=== Given information ===

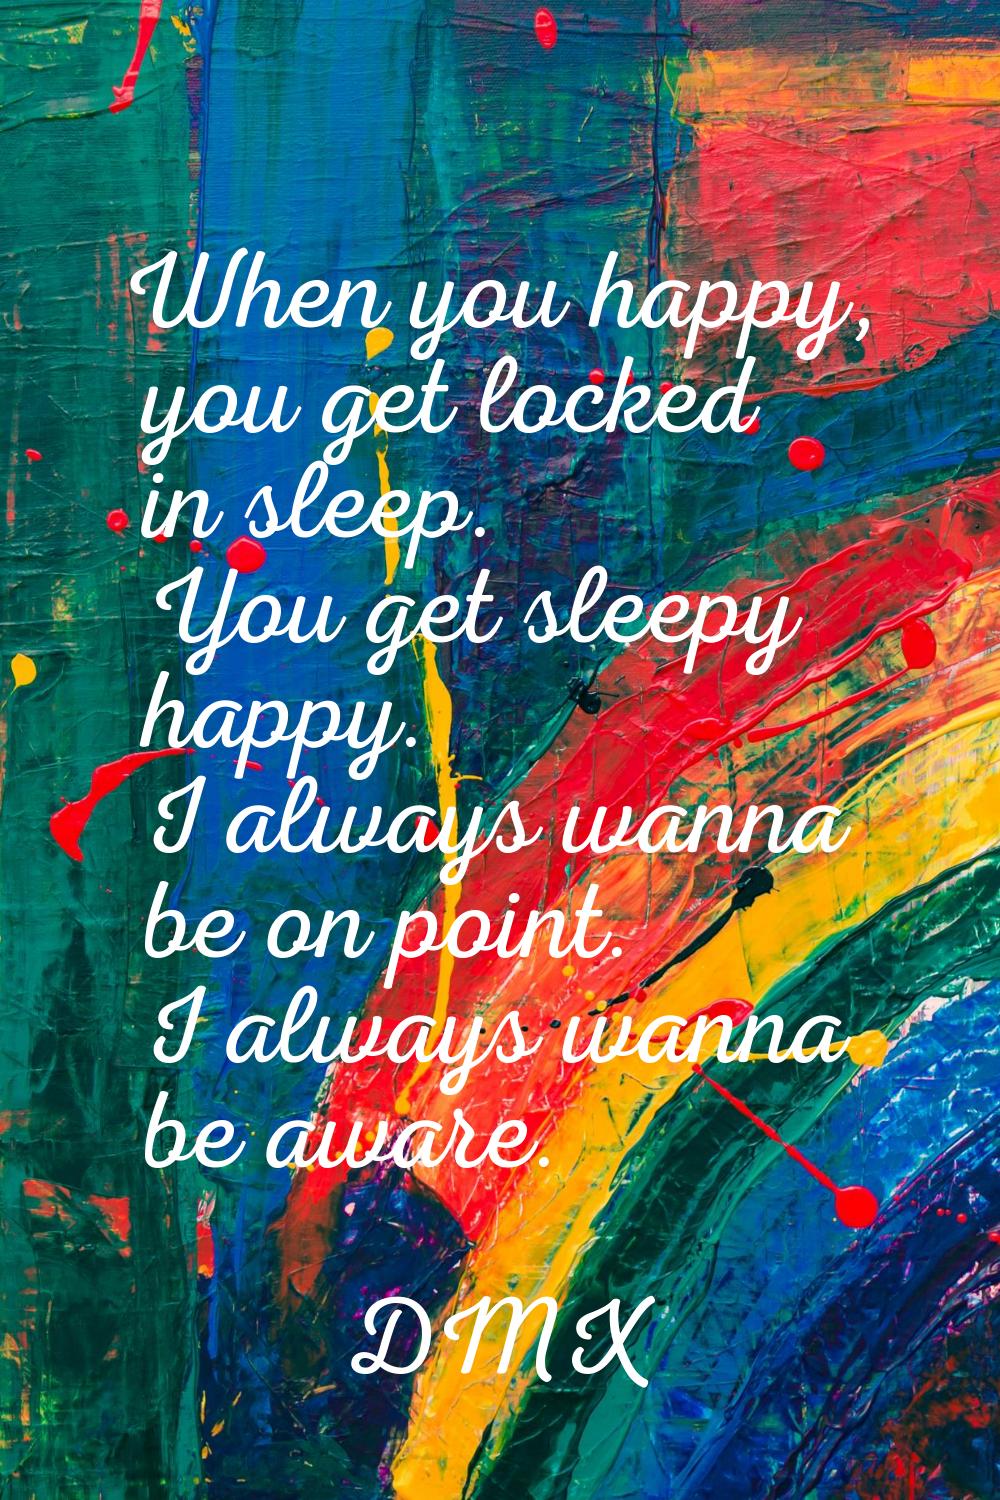 When you happy, you get locked in sleep. You get sleepy happy. I always wanna be on point. I always
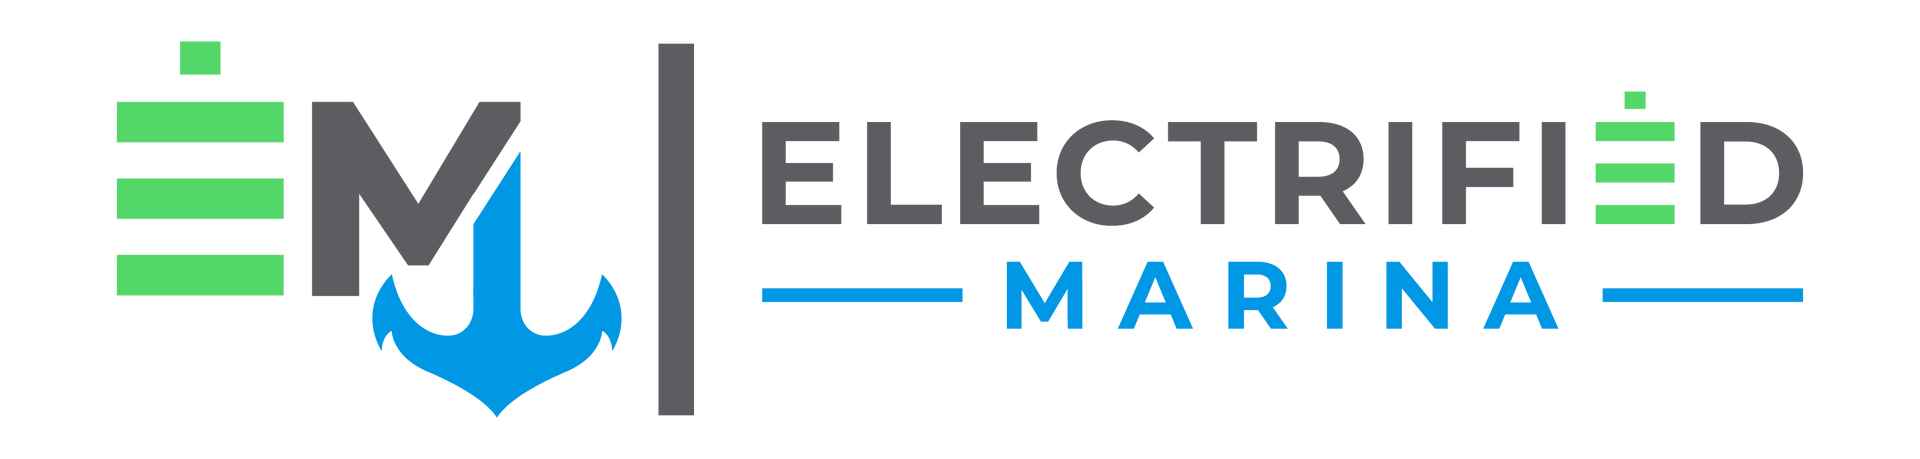 Electrified Marina
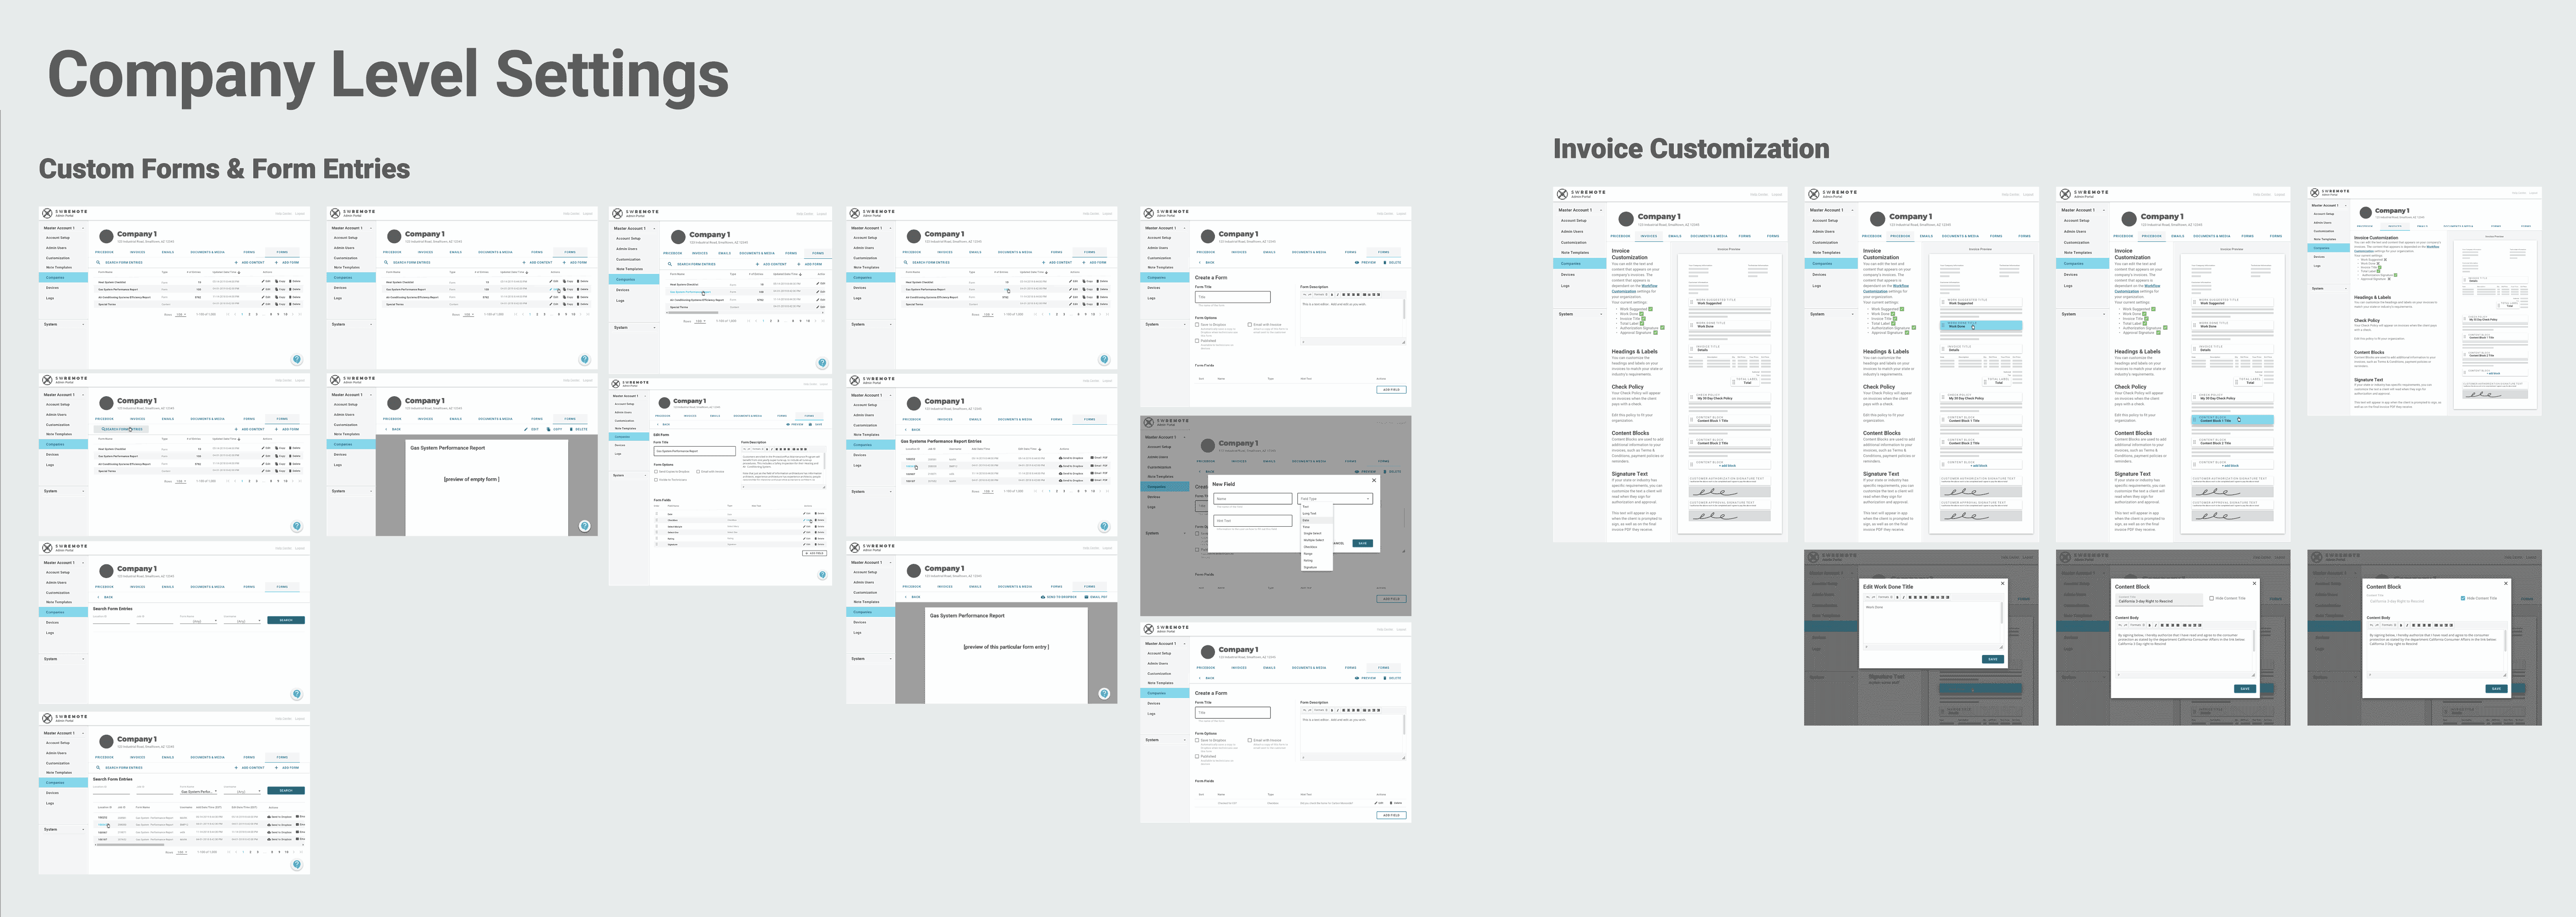 company level settings screens
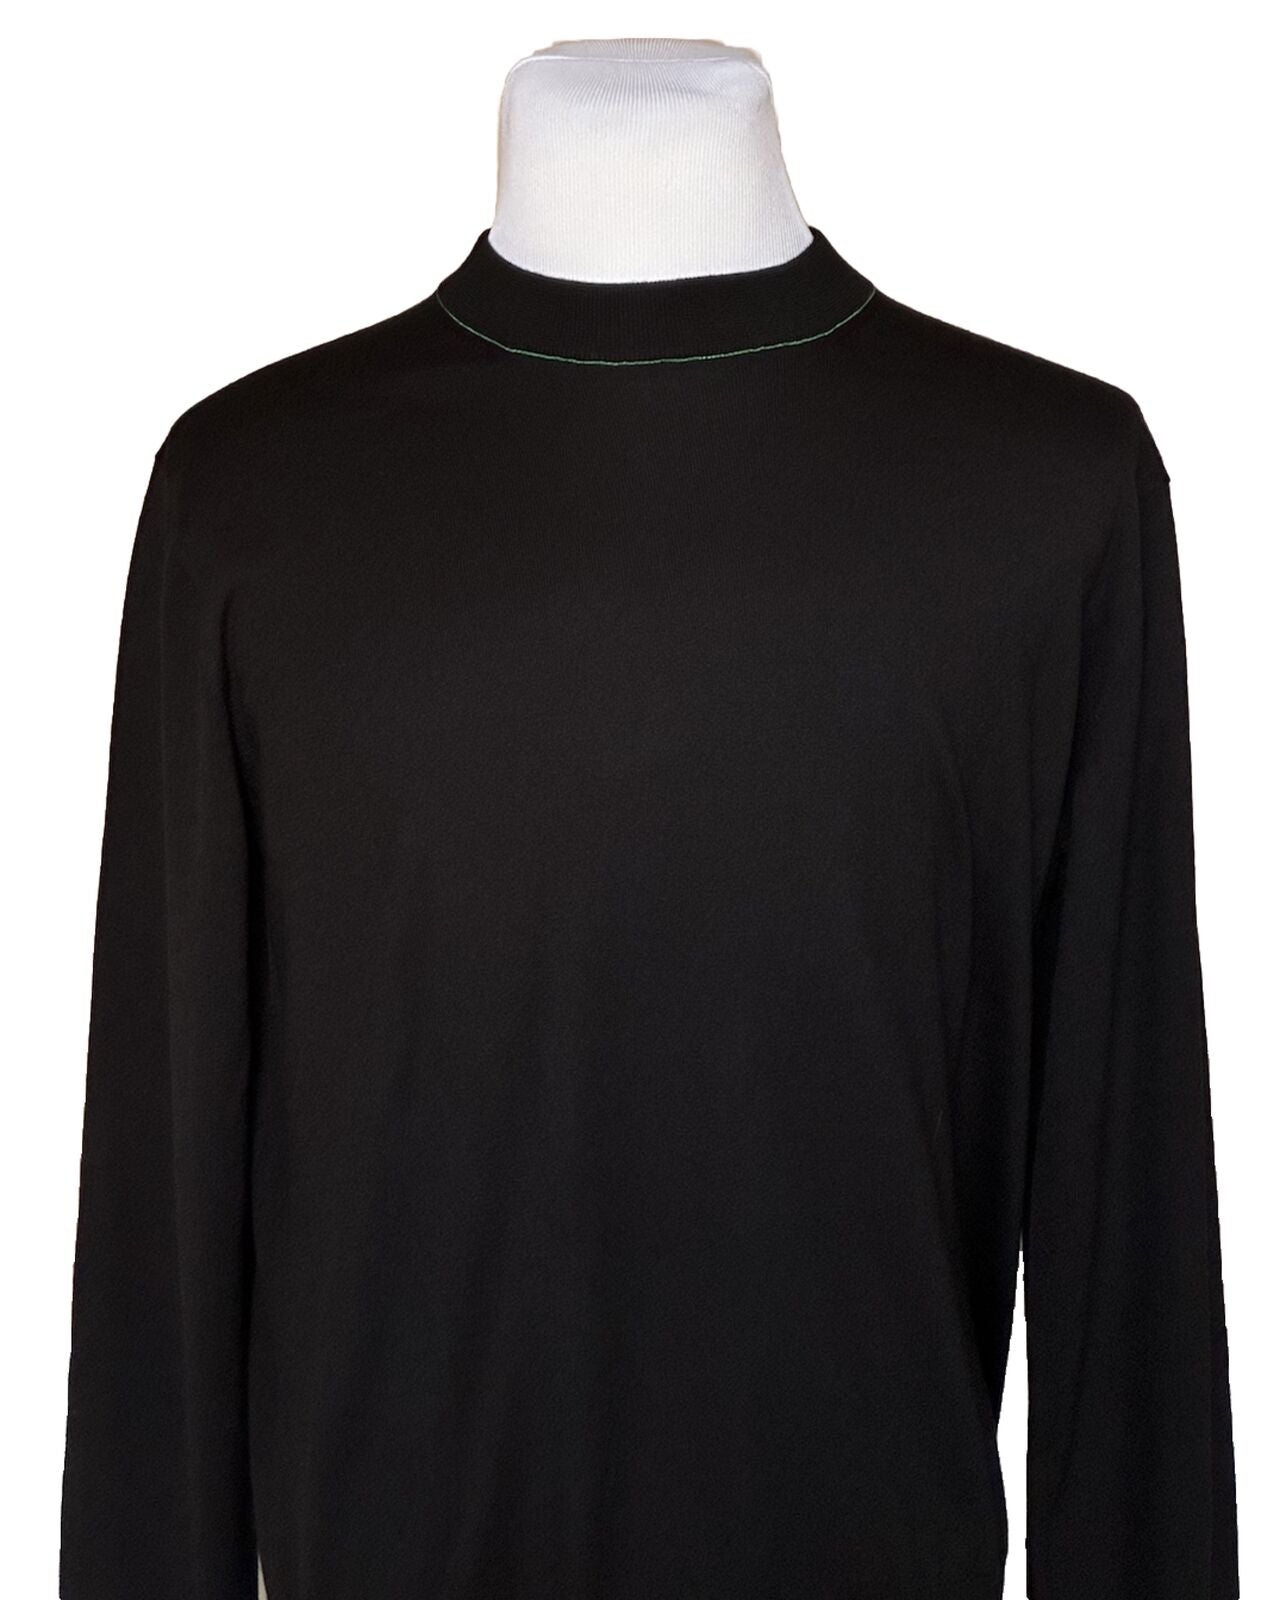 NWT $1050 Bottega Veneta Merino Wool Knit Pullover Sweater Large Black 704880 IT

===

◆ **What is required**: Your task is to restate word for word the lines from the line holding "Electrified Marina" through the final line of the listing, both included, but none of the pictures.

◆ **Solution to this problem**:
 Electrified Marina
 company level settings screens
 NWT $1050 Bottega Veneta Merino Wool Knit Pullover Sweater Large Black 704880 IT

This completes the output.